Fini le temps où le parcours du salaire de ces nombreuses compétences nécessaires aux services financiers était lié au sort d'une roupie en déclin. Les compétences s'arrachent au prix des devises fortes car les services financiers mauriciens évoluent dans un environnement global et les compétences peuvent naviguer d'une juridiction à une autre. On peut compter sur les doigts de la main les opérateurs locaux qui ont les moyens de concurrencer ceux qui peuvent rétribuer des compétences locales en devises.

La société Ocorian en fait partie. Avec sa capacité fournir une panoplie de services allant de l'administration et l'application des règles de conformité à la gestion des fonds, des entreprises, sans compter des acteurs du marché de capitaux ou des clients privés, Ocorian est le profil type d'entités capables de surfer à l'international sans mettre en danger les structures installées à Maurice. «Nos solutions pour y parvenir, soutient Dan Lungut, recruteur d'Ocorian, consiste, entre autres, à offrir une flexibilité des heures de travail, une prime à l'emploi et la possibilité d'opter pour le travail en milieu familial.

Il y a aussi le concept de mobilité globale après un an de service. Le personnel bénéficiaire peut demander à être affecté dans n'importe lequel de nos bureaux dispersés dans une vingtaine de locations. Point n'est besoin de quitter sa position actuelle. C'est un système qui nous permet de retenir nos talents tout en les permettant de jouir d'une insertion et d'une expérience professionnelles internationales, opportunité que beaucoup de jeunes recherchent.
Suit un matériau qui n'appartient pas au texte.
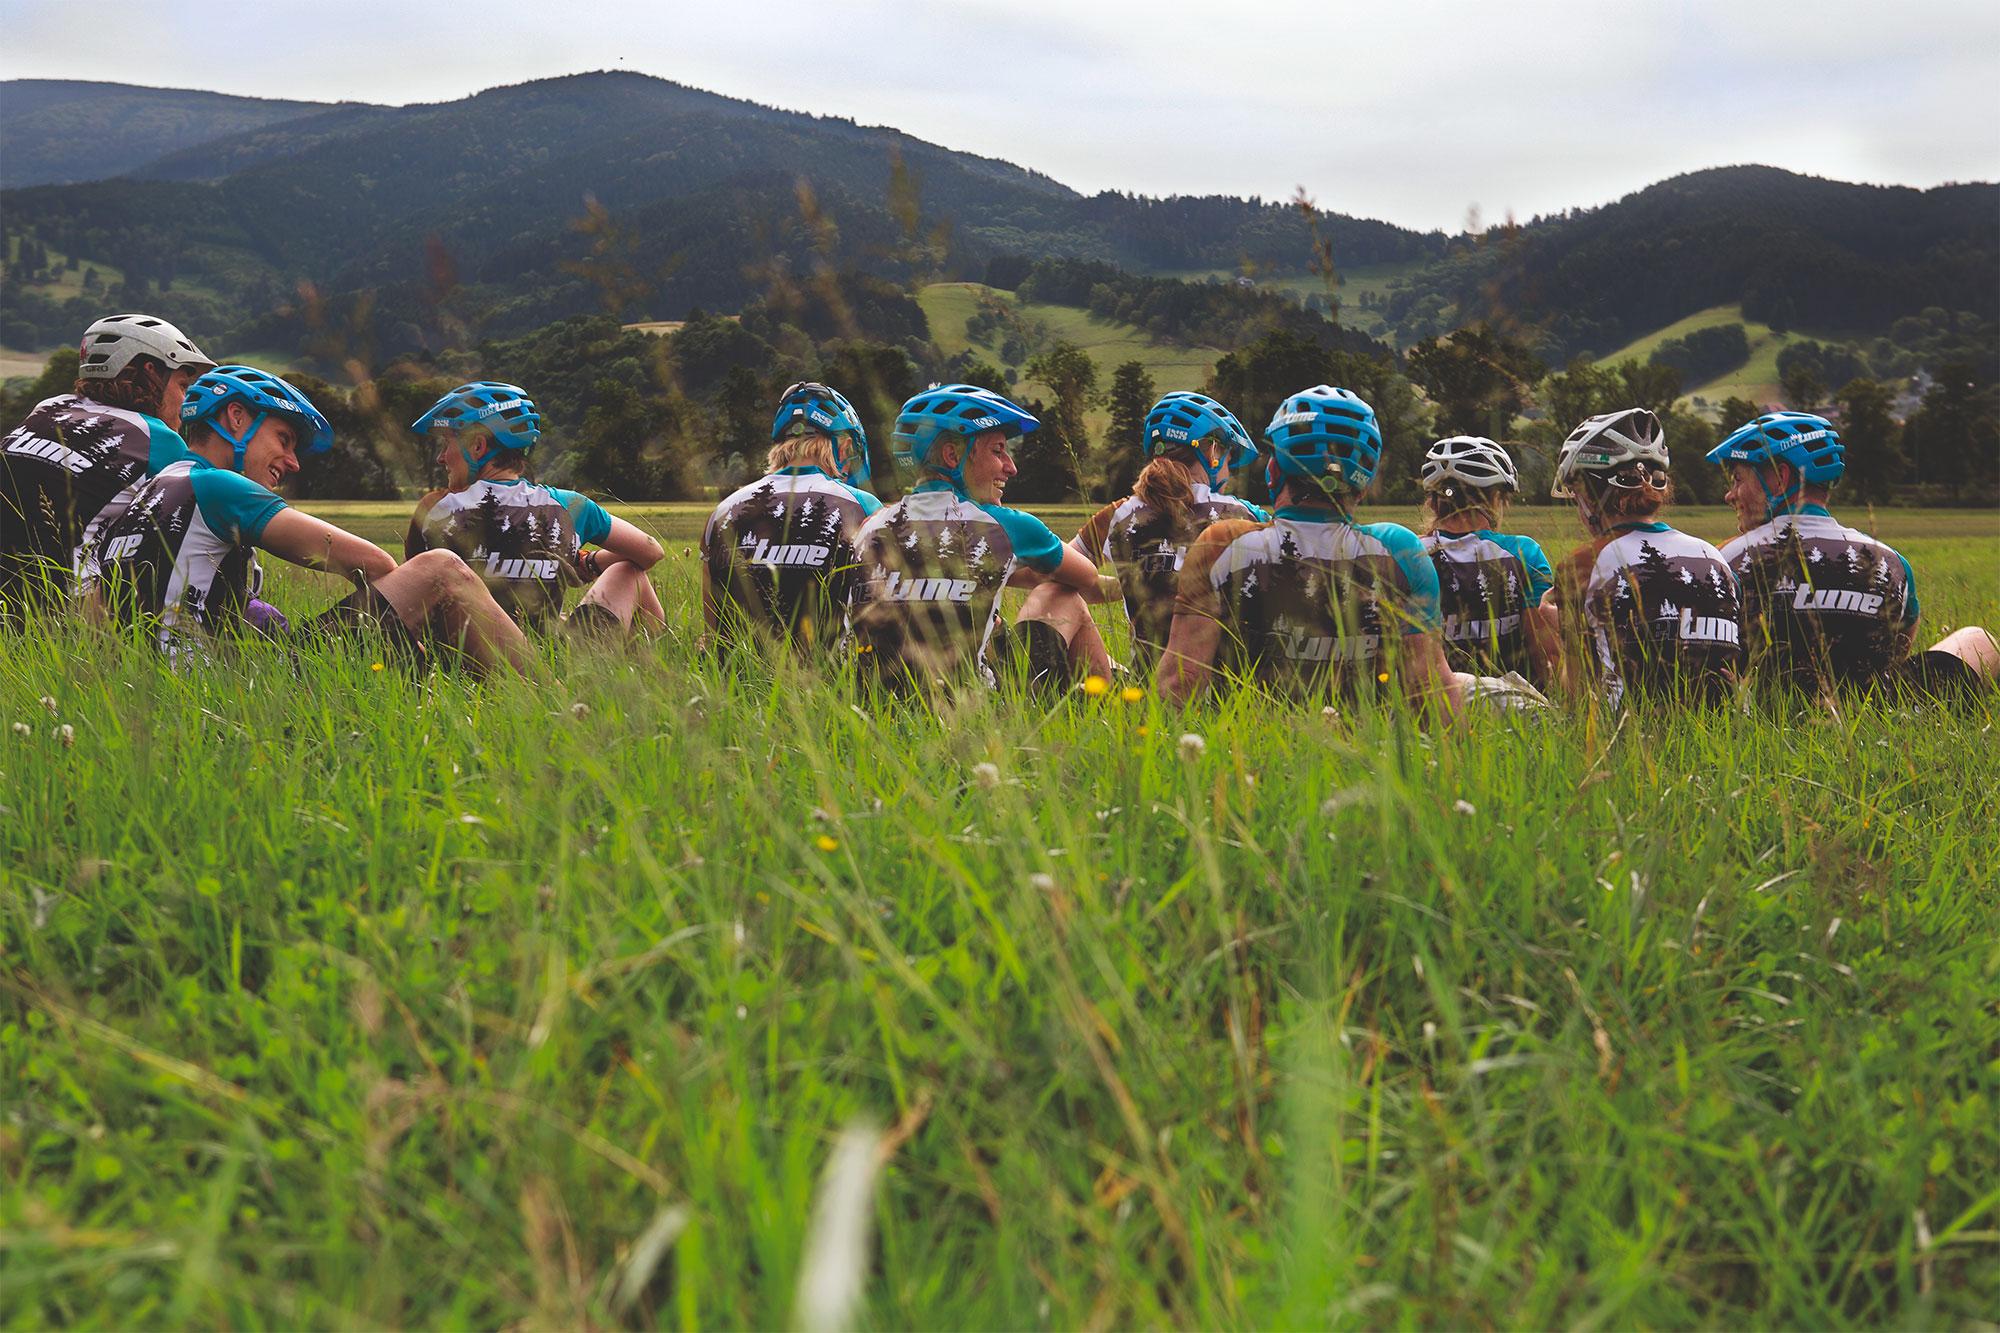 Das beitune Team sitzt auf einer grünen Wiese und blickt auf die Schwarzwaldgipfel.

Nous avons une centaine de positions dans l'administration et la comptabilité.»

Autre type de société, autre formule pour parer aux conséquences de la concurrence d'entités outre-mer. Au sein de BDO, qui fait partie des cabinets d'audit select de la planète, on accorde une grande importance à la nécessité de retenir les compétences. «Afin de fidéliser nos employés, fait ressortir Annick Lavigilante, responsable de la gestion des ressources humaines, nous leur inculquons nos valeurs telles qu'Excellence, Professionalism, Innovation, Team Work, Work-Life Balance and Recognition. Chez BDO, nous avons un système d'accompagnement dédié et personnalisé pour chaque employé.

Nous leur proposons des programmes de formation pour développer leurs compétences tout en étant encadrés par notre équipe de professionnels. Pour accentuer la portée d'une de nos valeurs (Work-Life Balance), nous proposons plusieurs activités, telles qu'évènements de team building, sorties, office breaks, wellness day et bien d'autres encore. Nous attachons une grande importance au un équilibre entre leur travail et leur bien-être personnel. Il est important de souligner que 70 % de nos employés ont moins de 30 ans et la parité hommes-femmes dans les postes clés est de 50 %.»

Qu'en est-il des opportunités d'embauche chez BDO ? «Il y a plusieurs postes à pourvoir, dans les départements de l'audit et des services financiers». déclare Annick Lavigilante. «Nous sommes en pleine phase de recrutement. Nous recherchons des candidats avec ou sans expérience. Les sélectionnés bénéficieront d'un programme d'accompagnement jusqu'à la fin de leur période de formation en ACCA ou ACA (ACCA- Association of Chartered Certified Accountants & ACA- ICAEW Chartered Accountant). Ils auront également accès à des formations en soft et technical skills pour assurer leur développement personnel.»

Pour le Chief Executive de la FSC, Dhanesswurnath Thakoor, le salaire n'est pas le seul élément qui favorise l'exode des compétences de Maurice. Parmi les facteurs qui occasionnent un tel phénomène, il note principalement le manque de reconnaissance à sa juste valeur de la compétence locale comparée à la posture affichée envers la compétence qui vient d'ailleurs, pourtant sanctionnée par les mêmes qualifications universitaires.

Il souligne, par ailleurs, «qu'il faut donner la chance aux Mauriciens pour qu'ils puissent occuper des postes au sommet de la hiérarchie des entreprises et avoir recours à une politique de transfert de compétences lorsque l'appel à la compétence étrangère se présente comme une option».